I am trying to get latest review form google play store. I am following this question for getting the latest reviews here
Method specified in the above link's answer works fine with scrapy shell but when I try this in my crawler it gets completely ignored.
Code snippet:
import re
import sys
import time
import urllib
import urlparse
from scrapy import Spider
from scrapy.spider import BaseSpider
from scrapy.http import Request, FormRequest
from scrapy.contrib.spiders import CrawlSpider, Rule
from scrapy.contrib.linkextractors.lxmlhtml import LxmlLinkExtractor
from play.items import PlayApp
class PlaySpider(CrawlSpider):
name = "play"
allowed_domains = ["play.google.com"]
start_urls = [
"https://play.google.com/store/apps"
]
rules = (
Rule(LxmlLinkExtractor(allow=('/store/apps$', )), callback='parseCategory',follow=True),
)
def parseCategory(self, response):
"""
gets categories from store home page call parseLinks for each category
"""
#something here......
yield Request(categoryapps, callback=self.parseLinks)
def parseLinks(self, response):
'''
get all the links from the category page and then
pasess individual links to parseApp function.
'''
#something here
yield Request(link, callback=self.parseApp)
def parseApp(self, response):
'''
parses apps page to get info about the app
'''
#application page parsing ......
frmdata = {"id": "com.supercell.boombeach", "reviewType": '0', "reviewSortOrder": '0', "pageNum":'0'}
url = "https://play.google.com/store/getreviews"

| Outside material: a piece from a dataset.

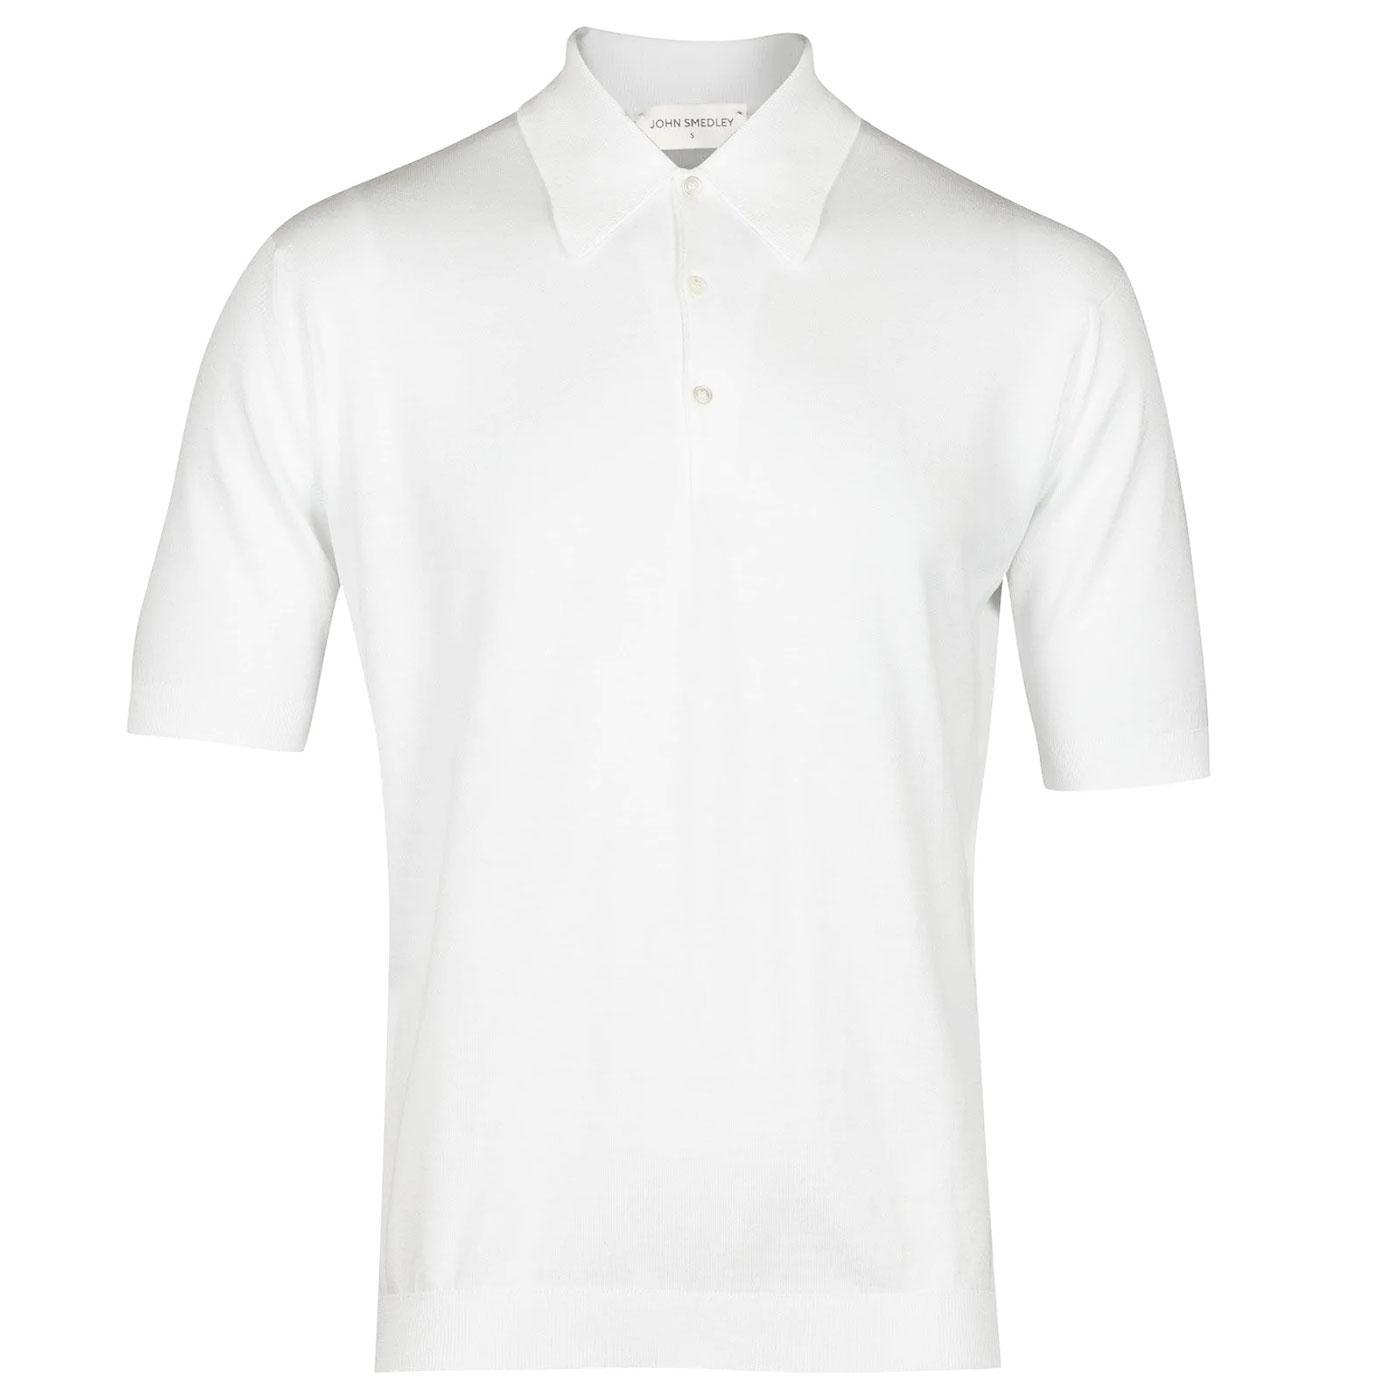 Isis JOHN SMEDLEY Retro Knitted Mod Polo Shirt W

yield FormRequest(url, callback=self.parse_data, formdata=frmdata)
yield app
def parse_data(self, response):
# do stuff with data...
print '\n\n---------------I am here------------------\n\n'
This function parse_data is never called. Asked this on #scrapy IRC and few other places but no help. Please help me with this.

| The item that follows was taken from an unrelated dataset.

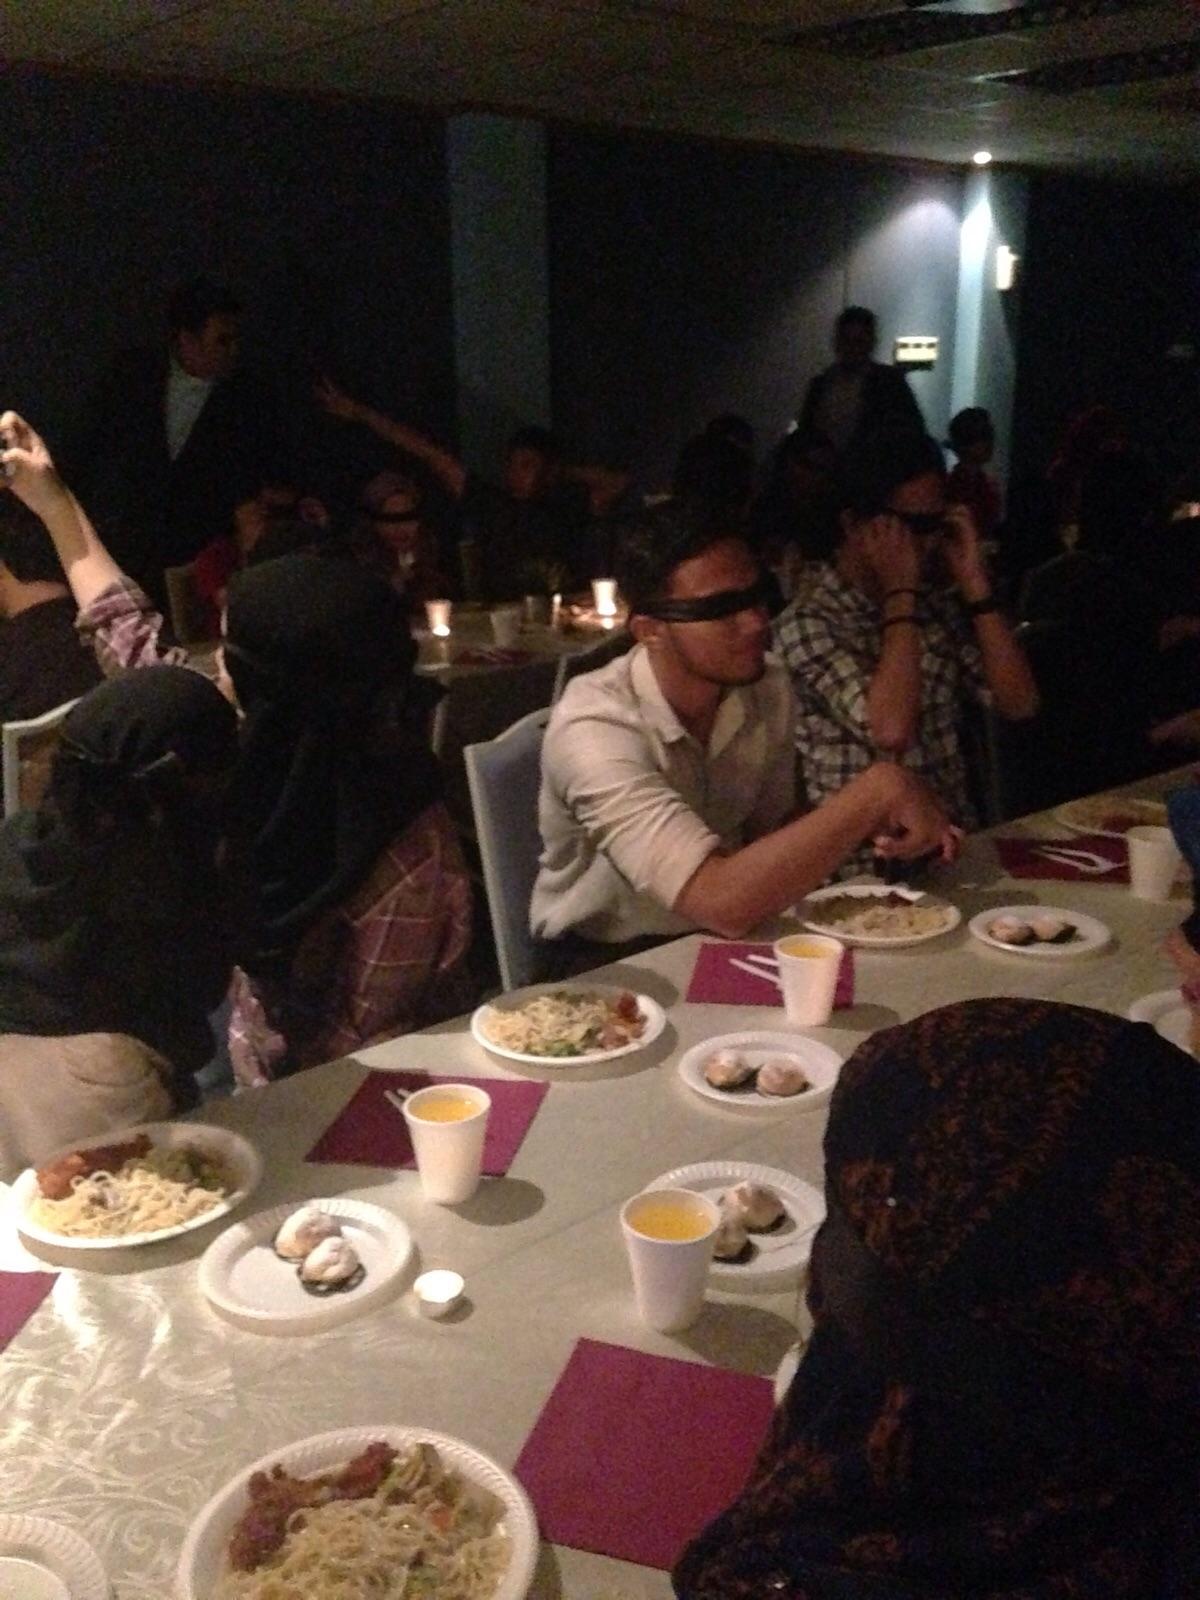 dans le noir dining in the dark 1

this is DEBUG response on terminal:
DEBUG: Crawled (200) <POST https://play.google.com/store/getreviews> (referer: https://play.google.com/store/apps/details?id=isoft.studios.ncert.ncertbooks)
2015-06-03 13:56:07+0530 [play] DEBUG: Crawled (200) <POST https://play.google.com/store/getreviews> (referer: https://play.google.com/store/apps/details?id=af.hindi.stories.booktwo)

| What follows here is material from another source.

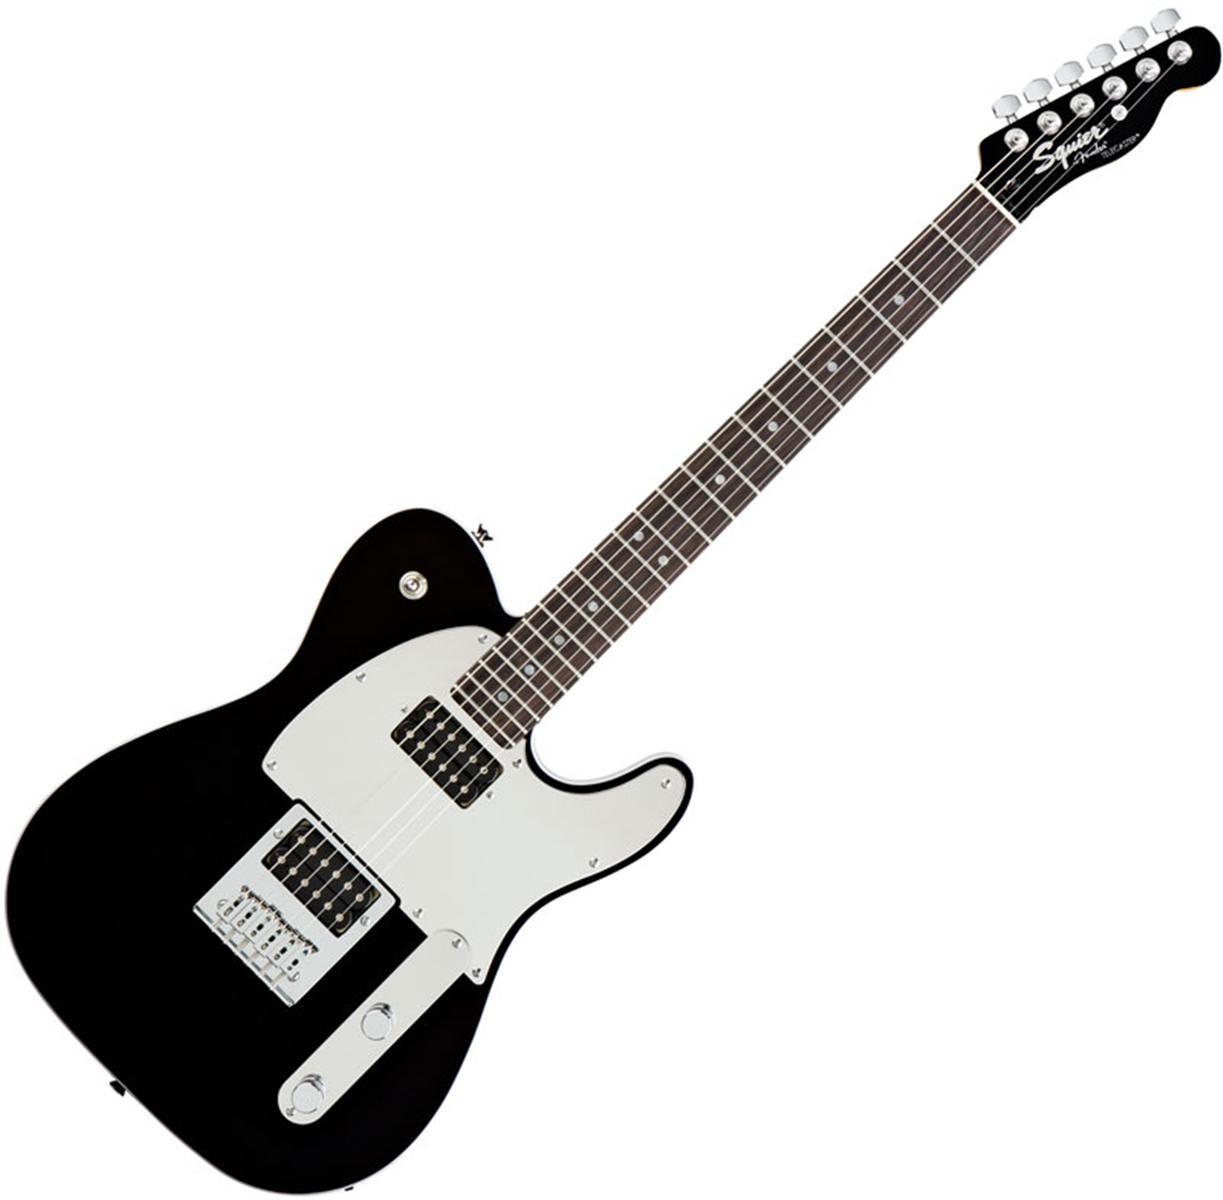 Clipart guitar clipart

2015-06-03 13:56:07+0530 [play] DEBUG: Crawled (200) <POST https://play.google.com/store/getreviews> (referer: https://play.google.com/store/apps/details?id=com.frozenex.latestnewsms)
2015-06-03 13:56:07+0530 [play] DEBUG: Crawled (200) <POST https://play.google.com/store/getreviews> (referer: https://play.google.com/store/apps/details?id=com.aqua.apps.english.hindi.dictionary)
2015-06-03 13:56:07+0530 [play] DEBUG: Crawled (200) <POST https://play.google.com/store/getreviews> (referer: https://play.google.com/store/apps/details?id=com.merriamwebster)
2015-06-03 13:56:08+0530 [play] DEBUG: Crawled (200) <POST https://play.google.com/store/getreviews> (referer: https://play.google.com/store/apps/details?id=an.HindiTranslate)
So a POST request is indeed getting sent but callback method is not called.